Saturday, September 29, 2007

I'm Banning Celeb News As of Right Now

My absolute favorite turn-of-phrase in Linda Hirshman's brilliant-though-misguided manifesto, Get to Work ... And Get a Life Before It's Too Late, is her description of at-home fatherhood as a "sham refuge for scoundrels from the elite." It cracked me up to think that I used to be such a scoundrel.

Though she doesn't develop the point, it's pretty clear that she does not believe that rich and famous fathers who declare they will take time off to be with the kids are a representative sample of any emerging fatherhood movement. And you know what? On this point, she has a decent argument.

Tom Brady's much-publicized struggle over whether to take some time off football to spend with his new little one lasted ... um ... exactly until the first preseason game of the year.
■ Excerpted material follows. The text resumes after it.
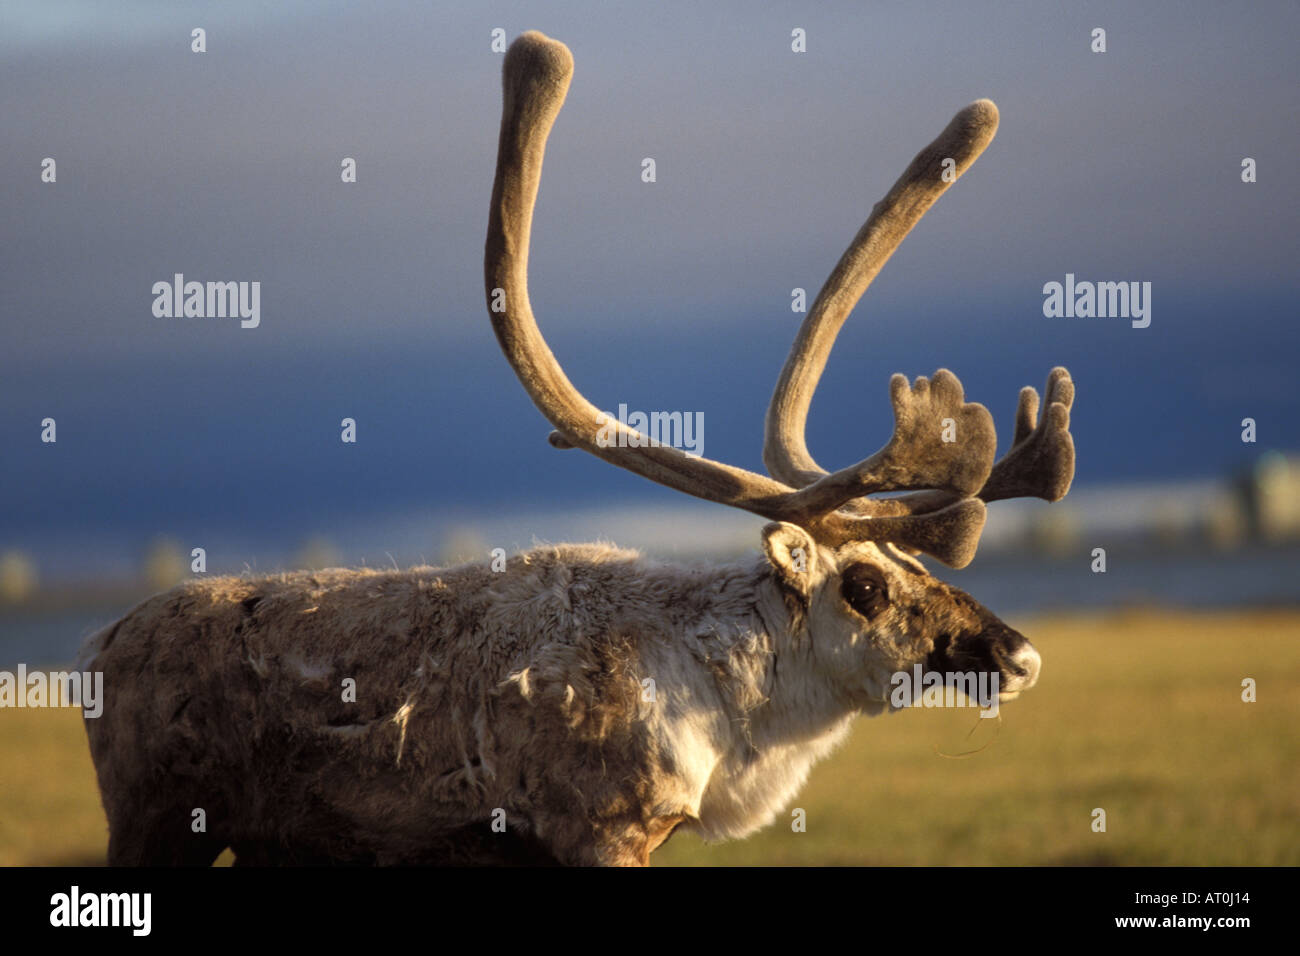 Le caribou de la toundra Rangifer tarandus bull avec ses bois de velours plaine côtière du centre de l'Arctique de l'Alaska North Slope Banque D'Images

Peter Baylies at noted last week that Michael Douglas is still out there doing what's he's been doing for years: bragging about his status as a full-time father, despite cranking out three films in the last two years, plus a screenplay, plus a movie in production. Jerry Seinfeld is riffing on fatherhood, too (though not in a particularly positive way), Peter points out, and Richard Gere wants to talk parenting, too.

Don't get me wrong: I love that these guys are out there being public about their role as fathers, and I have no doubt that in workaholic Hollywood, they are indeed great role models. But I want to give credit where credit is due. There are a lot of guys doing the real, gritty SAHD work, who are sacrificing present and future earnings to be at home with the kids 12 months a year, with no breaks for shooting.

At-home fatherhood is no sham, and it's no refuge for most of the 2 million guys who have taken on the responsibilities, and it drives me more than a little nuts to think that Hirshman (and others, no doubt), see the model of at-home fatherhood as less Philip Williams and more Gordon Gekko.